Eines Tages verwendete mein Vater den Begriff «verschuldet», den ich zwar kannte, von dem ich aber nicht richtig wusste, was er bedeutete. Er erklärte mir, das bedeute, dass man einer anderen Person noch sehr viel Geld geben müsse. Dann fügte er noch an, dass er deshalb länger und öfter arbeiten müsste. Das verstand ich.
Doch ich überlegte mir, wieso wir verschuldet waren und wem wir Geld schuldeten. Ich wollte ihn aber nicht danach fragen, vielleicht wäre er dann wütend geworden.

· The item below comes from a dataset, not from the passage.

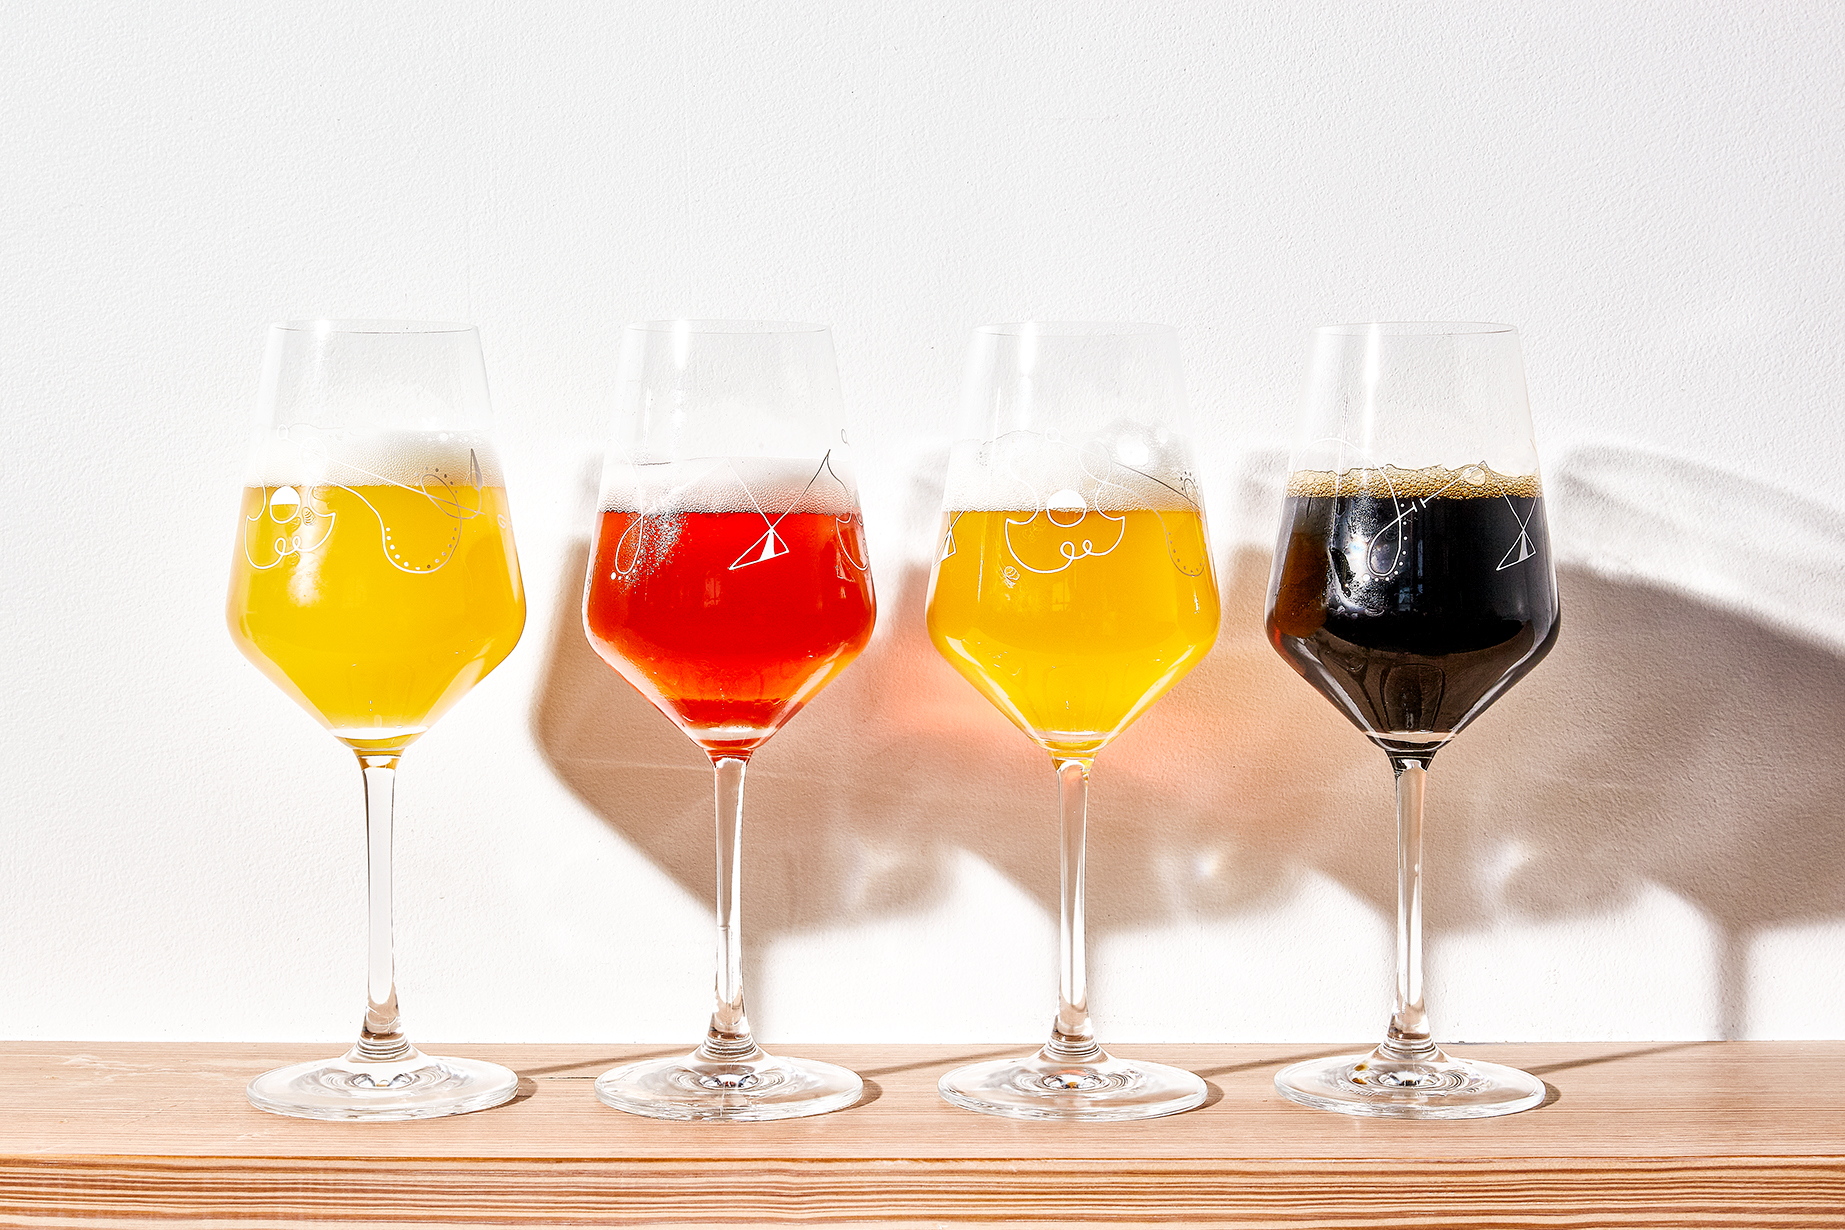 An assortment of four colorful beers from Grimm, a brewery based in East Williamsburg.
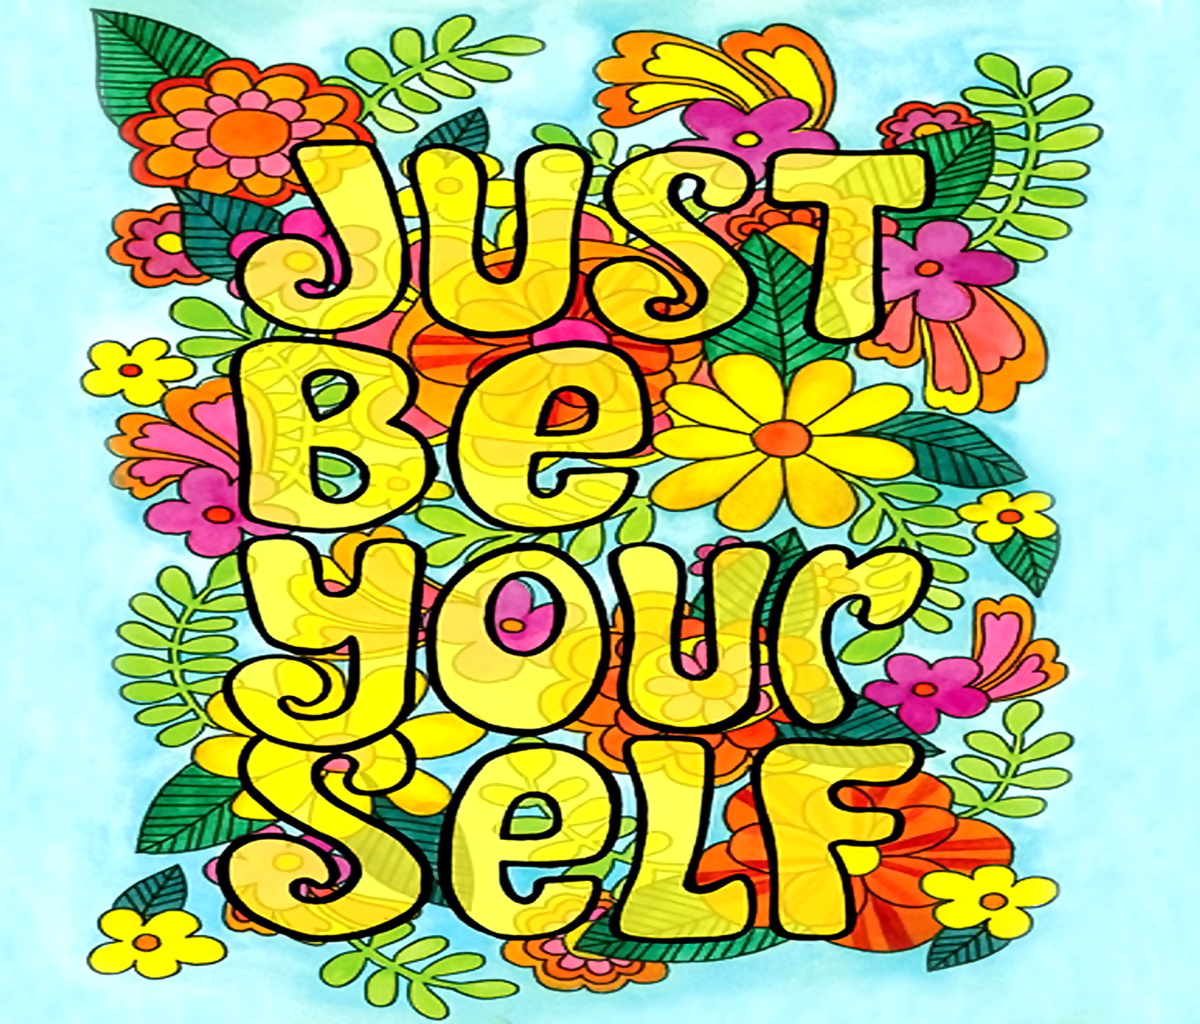 Just Be Yourself wallpaper 1200x1024

An meinem 15. Geburtstag bekam ich keine Geschenke. Mein Vater sagte. er könnte sich kein Geschenk für mich leisten. Ich wusste, warum. Generell war kein Geld mehr vorhanden. Damit ich mir überhaupt Sachen wie Klamotten leisten konnte, musste ich während der Sommerferien arbeiten.
Viele meiner Freunde verbrachten ihre Zeit am Strand und ich arbeitete. Das war schwer!! Ich hoffte einfach, dass mich niemand sehen würde, es wäre mir zu unangenehm.
Natürlich hat mich jemand gesehen. Ich habe ihn gebeten, niemanden davon zu erzählen. Aber er verlangte als Gegenleistung, meine totale Unterwürfigkeit. So musste ich alles machen, was er sagte, seinen Forderungen nachkommen.
In dem Moment wusste ich noch nicht, dass dies der Moment war, der meine restliche Zeit an der Schule zu Hölle machen würde. Ich musste mein hart verdientes Geld ausgeben, um ihm etwas zu kaufen. Mein Vater verstand nicht, warum ich nie Geld hatte, obwohl ich doch arbeitete. Er warf mir vor, alles zu verjubeln. Aber ich konnte mich nicht wehren, weil niemand wissen sollte, dass wir nicht so viel Geld hatten.
Doch dann, ein Jahr später, gewann mein Vater im Lotto. Ich kündigte meinen Job und erzählte jedem mein Geheimnis. Jetzt geniesse ich noch die restliche Schulzeit.
Dieser Text ist mit den Wörtern der ABC-Etüde für den Februar 2024 entstanden, die von Christiane betreut wird. Sie lauten Unterwürfigkeit, verschuldet und verjubeln. Er wurde von Luca im Wahlfach Bloggen 24/25 verfasst.


Dafür gibt es ein Wort, und das nennt sich „Erpressung“. Ich kann verstehen, dass du nicht wolltest, dass jemand von der Notlage erfährt, aber das so auszunutzen, zeugt von keinem guten Charakter.
Danke für die Etüde! ⛅☕🍪
Vielen Dank für diesen Kommentar. Ich habe mir diese Geschichte als Etüde ausgedacht, weil ich das sehr wichtig finde, diese Themen zu erwähnen. Danke für diese positive Rückmeldung.
Es gefällt mir, wie positiv die Geschichte endet
Danke für diesen freundlichen Kommentar. Mit dem Ende wollte ich einfach zeigen, dass schlechte Zeiten immer irgendwann zu Ende gehen und es dann wieder positiv wird.
Gruppenzwänge in der Schule oder in „Freundesgruppen“ sind so ziemlich das Widerlichste, ist aber wohl oft die Wirklichkeit. Das war in meiner Jugend auch schon so und scheint immer noch Gang und Gebe zu sein oder durch Konsumzwang und Social Media noch verstärkt wird.
Ich hoffe, Du hast es nicht selbst so erlebt! Und Dank, dass Du dieses Thema angeschnitten hast, damit es wieder ins Bewusstsein kommt.
Vielen Dank für den sehr netten Kommentar. Ich habe es zum Glück nicht genau so erlebt, aber ich wollte diese Themen einfach erwähnen, weil ich selbst früher leider Mobbing erlebt habe. Vielen Dank für diese nette Rückmeldung.
Gut beschrieben, wie sich das Ganze so hässlich weiterentwickelt hat.
Für die Probleme der Eltern kann man ja nichts, insofern müsste man nichts verheimlichen, aber das ist ja leider nur die Theorie, die Schulrealität ist grausamer als die spätere, wenn man nur für sich selbst verantwortlich zu sein braucht und nicht mehr so leicht gemobbt und terrorisiert werden kann wie in der Schule. Wie Werner hoffe ich, dass du es nur beschreibst, nicht erlebt hast.
Danke für diesen netten Kommentar. Ich habe es genauso zum Glück nicht erlebt.
Das freut mich. Es ist immer gut, sich etwas vorstellen zu können, was anderen tatsächlich widerfährt.